A new study led by Lisa Hines, assistant professor of biology at the University of Colorado at Colorado Springs, finds that factors known to increase the risk of breast cancer among white women have less influence in Hispanic women.
Published early online in CANCER, a peer-reviewed journal of the American Cancer Society, the study indicates that research is needed to evaluate how breast cancer risk factors differ among ethnic and racial populations.
Breast cancer occurs more frequently in certain ethnic and racial groups, but the reasons behind these differences are not fully understood. To investigate the issue, Hines led a study that considered how established breast cancer risk factors – including reproductive history, family history of breast cancer, menstrual history, hormone use, alcohol consumption, physical activity, height and body mass index – might be involved in explaining some of the observed differences in the occurrence of breast cancer among racial and ethnic groups.
They studied breast cancer among women from the Southwest United States who were enrolled in the population-based, case-control Four Corners Breast Cancer Study, which was designed to investigate factors that contribute to the difference in breast cancer incidence rates observed between Hispanic and non-Hispanic white women.
Prior studies have shown that non-Hispanic white women have a higher incidence of breast cancer than Hispanic women. In this current study, the researchers found that 62 percent to 75 percent of breast cancer cases among non-Hispanic white women were attributed to known breast cancer risk factors, compared with only 7 to 36 percent of cases among Hispanic women. Hispanic women were more likely to have characteristics associated with lower breast cancer risk, such as earlier age at first childbirth, having more children, shorter height, less hormone use and less alcohol consumption. Among premenopausal women, taller height and family history of breast cancer were associated with increased risk in non-Hispanic white women but were not among Hispanic women. Among postmenopausal women, certain breast cancer risk factors in non-Hispanic whites (such as recent hormone therapy use and younger age at menarche) had no or only weak associations with breast cancer in Hispanics.
These findings suggest that many of the risk factors studied to date explain fewer of the breast cancer cases that arise in Hispanic women compared with non-Hispanic white women.

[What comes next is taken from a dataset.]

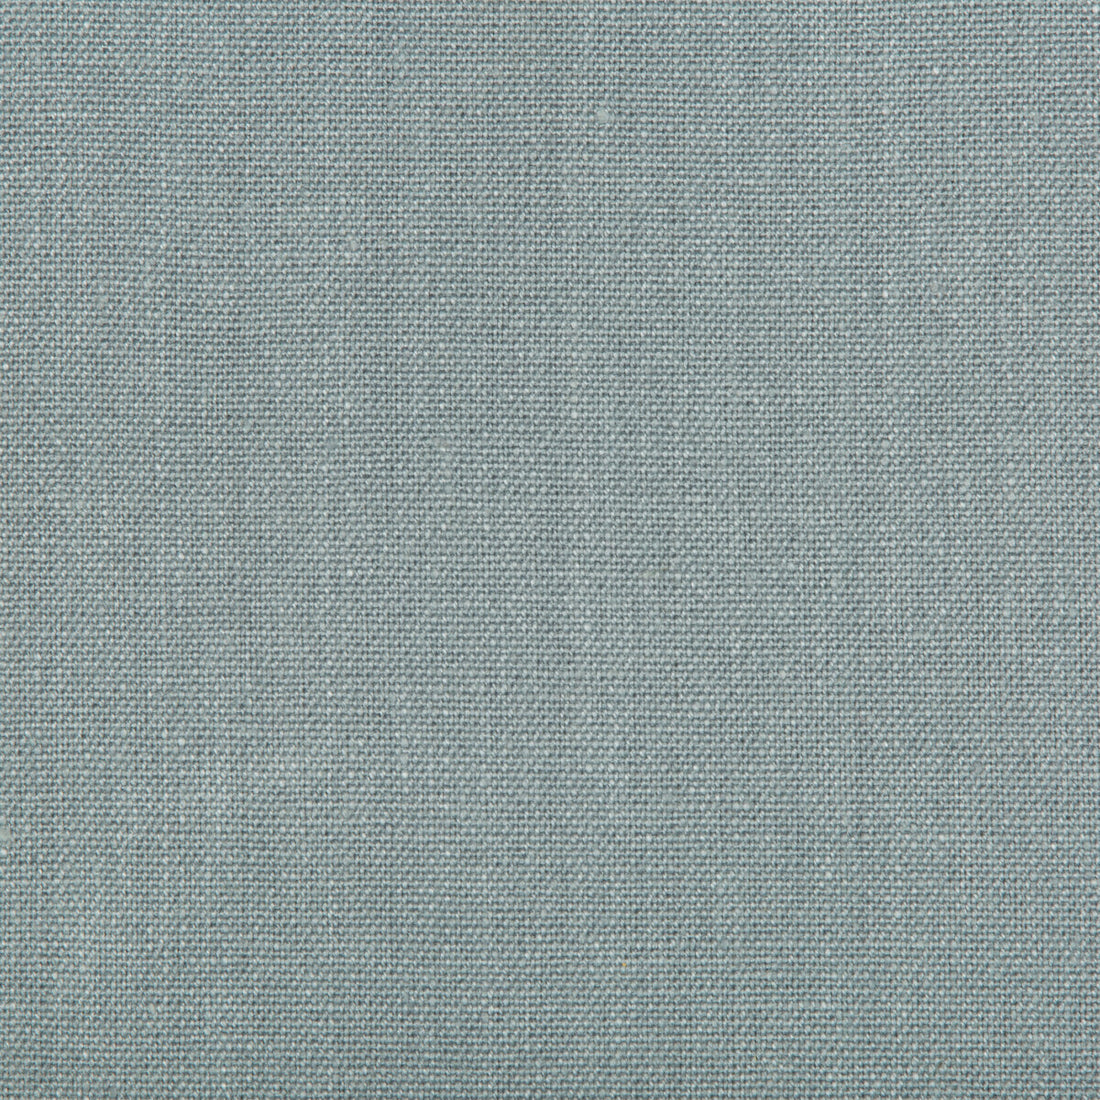 Kravet Basics fabric in 30421-511 color - pattern 30421.511.0 - by Kravet Basics

"These differences are likely to contribute to disparities in breast cancer incidence rates, and could potentially reflect differences in breast cancer development among these ethnic groups," Hines said. For example, ethnic differences in genetic and environmental or lifestyle factors might affect individuals' susceptibility to the development of breast cancer.
The authors noted that the study's findings also indicate that the use of models to estimate a woman's risk of breast cancer that were developed from studies among non-Hispanic white populations need to be evaluated among other ethnic and racial populations.